Enabling JavaScript¶
You can enable JavaScript in your spider by ticking Enable JavaScript
in the spider properties menu. Note that you’ll need to set the SPLASH_URL
Scrapy setting to your [Splash](https://github.com/scrapinghub/splash) endpoint URL for JavaScript to work during the crawl.
Start pages and link crawling¶
Start pages are the initial URLs that Portia will visit to start the crawl. You can add and remove start pages on the left menu.
You can choose how Portia will follow links under LINK CRAWLING
.

- Follow all in-domain links - follow all links under the same domain and subdomain.

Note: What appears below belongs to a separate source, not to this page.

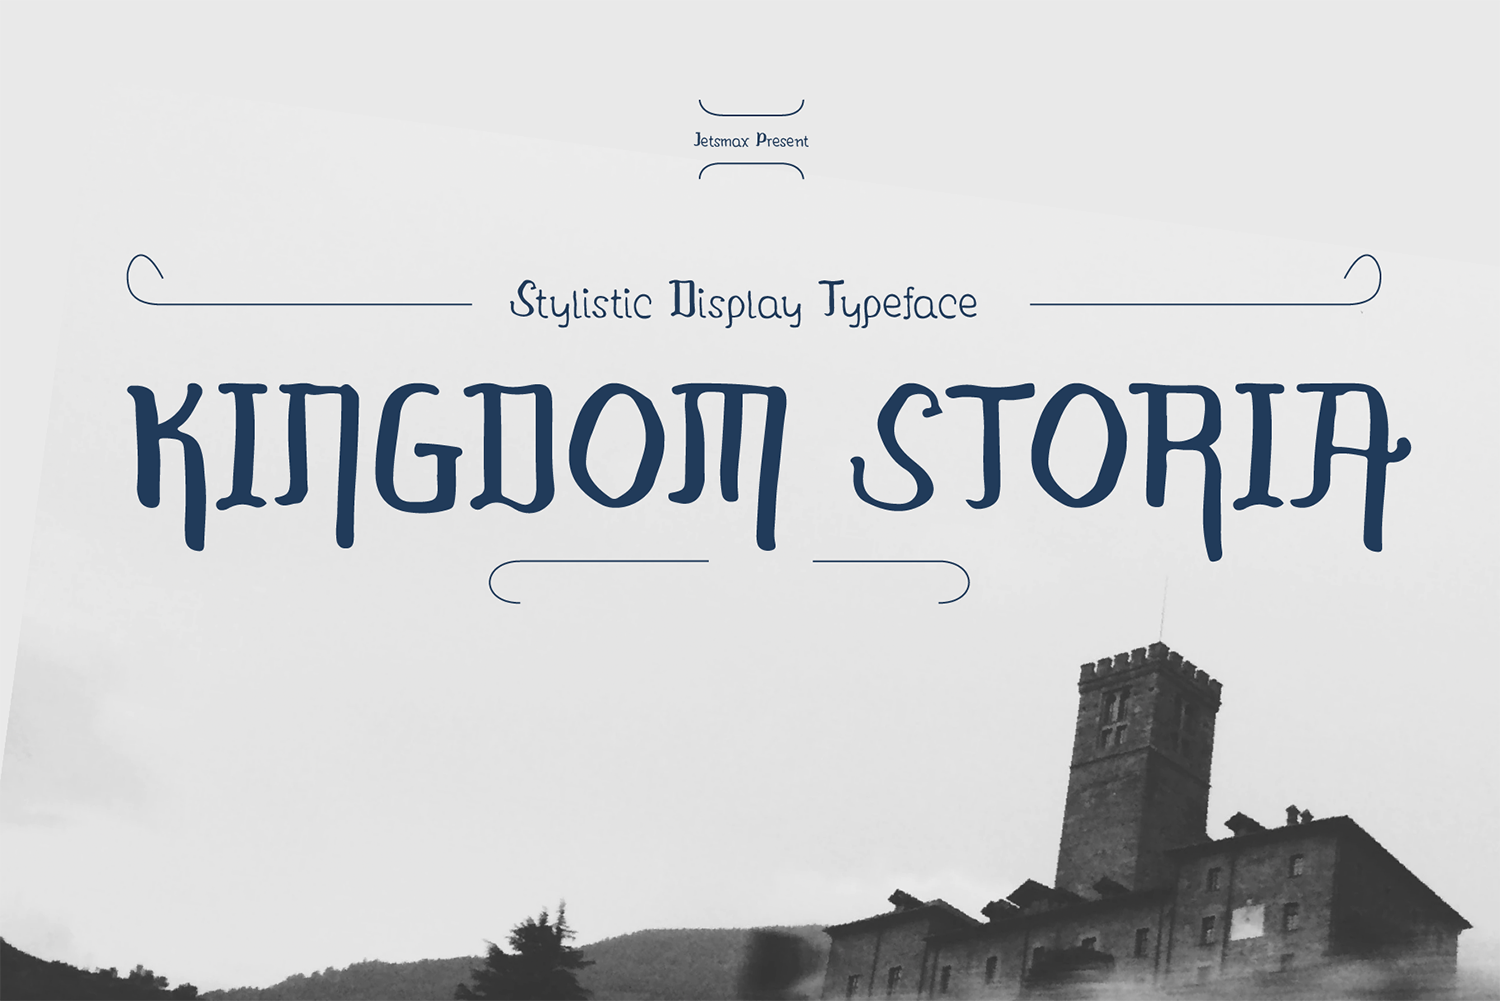 Kingdom Storia Free Font

- Don’t follow links - only visit start URLs.
- Configure url patterns - use regular expressions to choose which URLs to follow.

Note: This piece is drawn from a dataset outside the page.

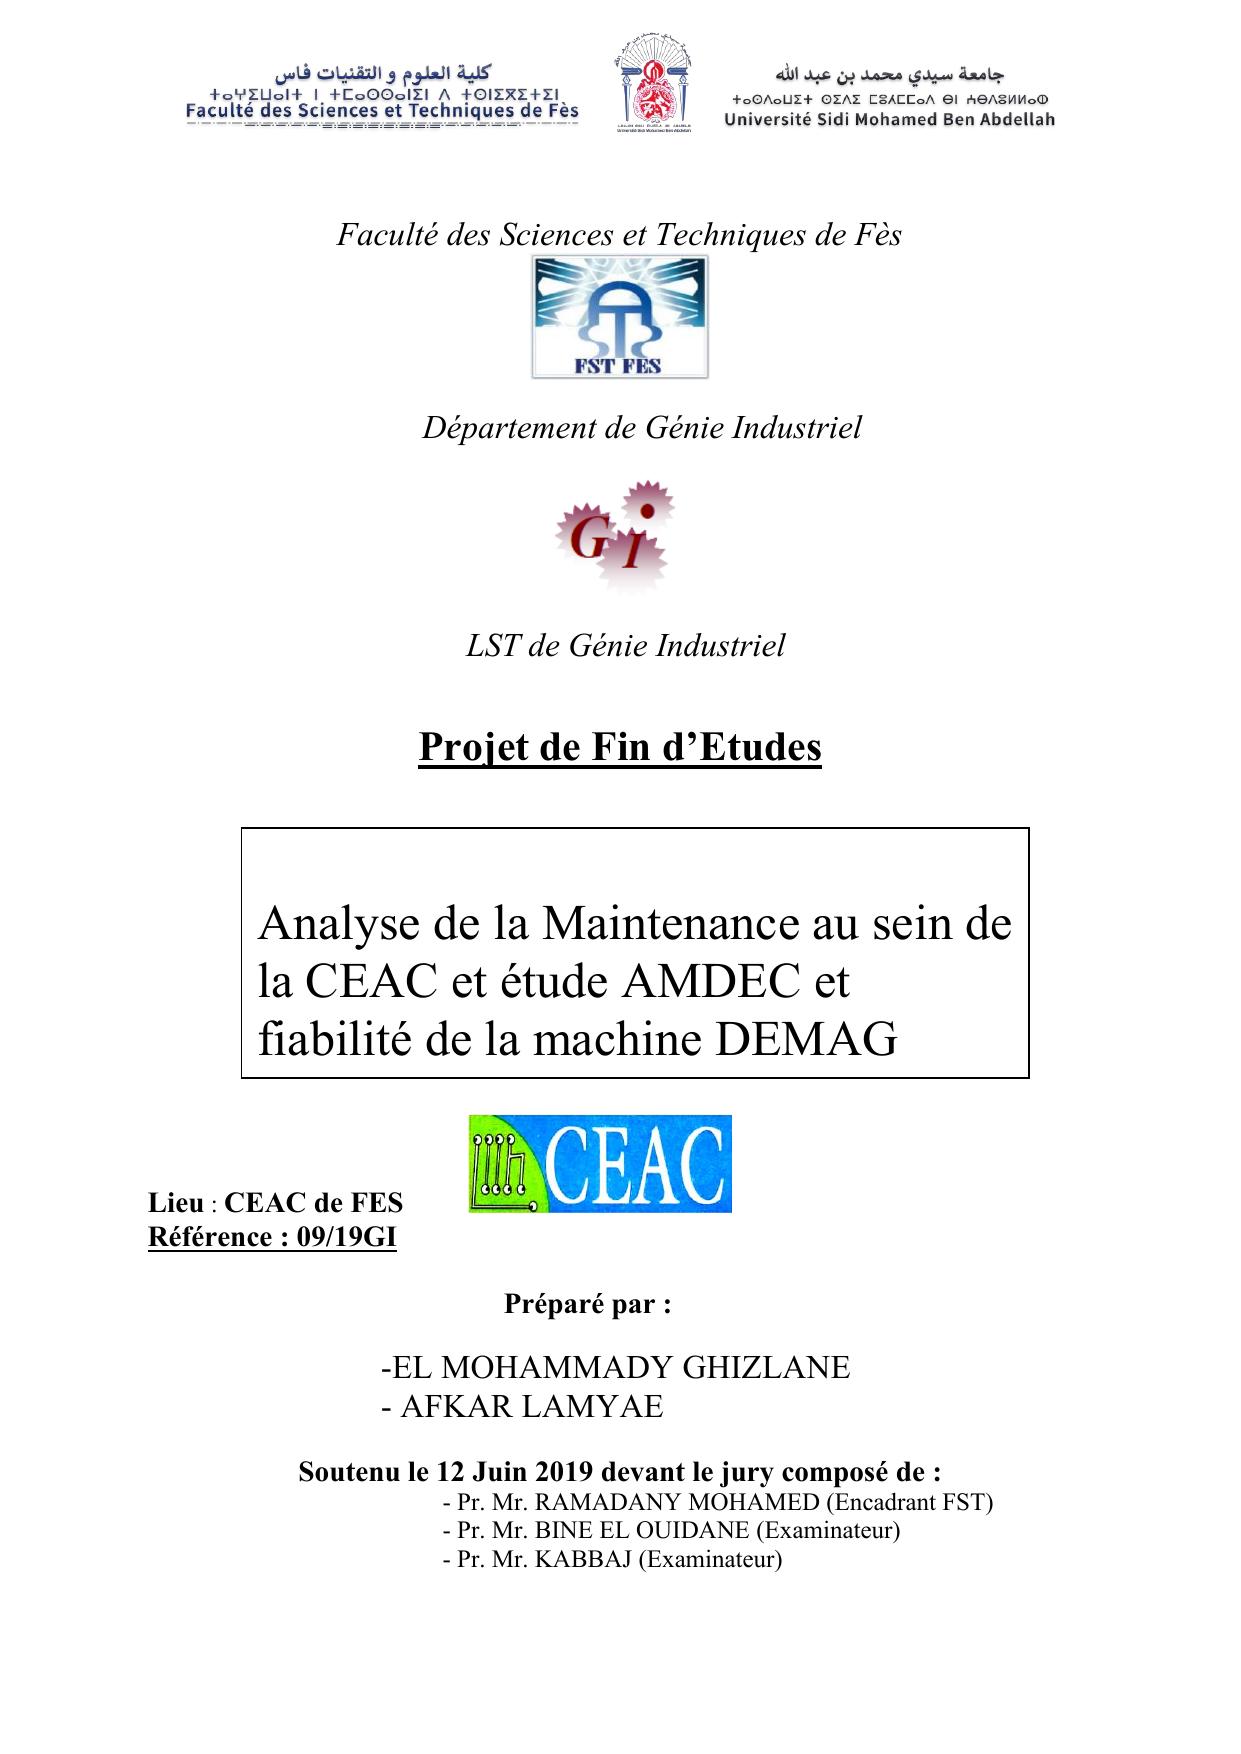 Analyse de la Maintenance au sein de la CEAC et étude AMDEC et fiabilité de la machine DEMAG

The Configure url patterns
option lets you set follow and exclude patterns as well as choose whether to respect the nofollow
attribute. Click the gear icon to show the link crawling options where you can set the follow/exclude patterns.
Running a spider¶
Portia will save your projects in slyd/data/projects
. You can use portiacrawl
to run a spider:
portiacrawl PROJECT_PATH SPIDER_NAME
where PROJECT_PATH
is the path of the project and SPIDER_NAME
is a spider that exists within that project. You can list the spiders for a project with the following:
portiacrawl PROJECT_PATH
Portia spiders are ultimately Scrapy spiders. You can pass Scrapy arguments when running with portiacrawl
using the -a
option. You can also specify a custom settings module using the --settings
option. The Scrapy documentation contains full details on available options and settings.
Minimum items threshold¶
To avoid infinite crawling loops, Portia spiders check to see if the number of scraped items meet a minimum threshold over a given period of time. If not, the job is closed with slybot_fewitems_scraped
outcome.
By default, the period of time is 3600 seconds and the threshold is 200 items scraped. This means if less than 200 items were scraped in the last 3600 seconds, the job will close.
You can set the period in seconds with the SLYCLOSE_SPIDER_CHECK_PERIOD
setting, and the threshold number of items with the SLYCLOSE_SPIDER_PERIOD_ITEMS
setting.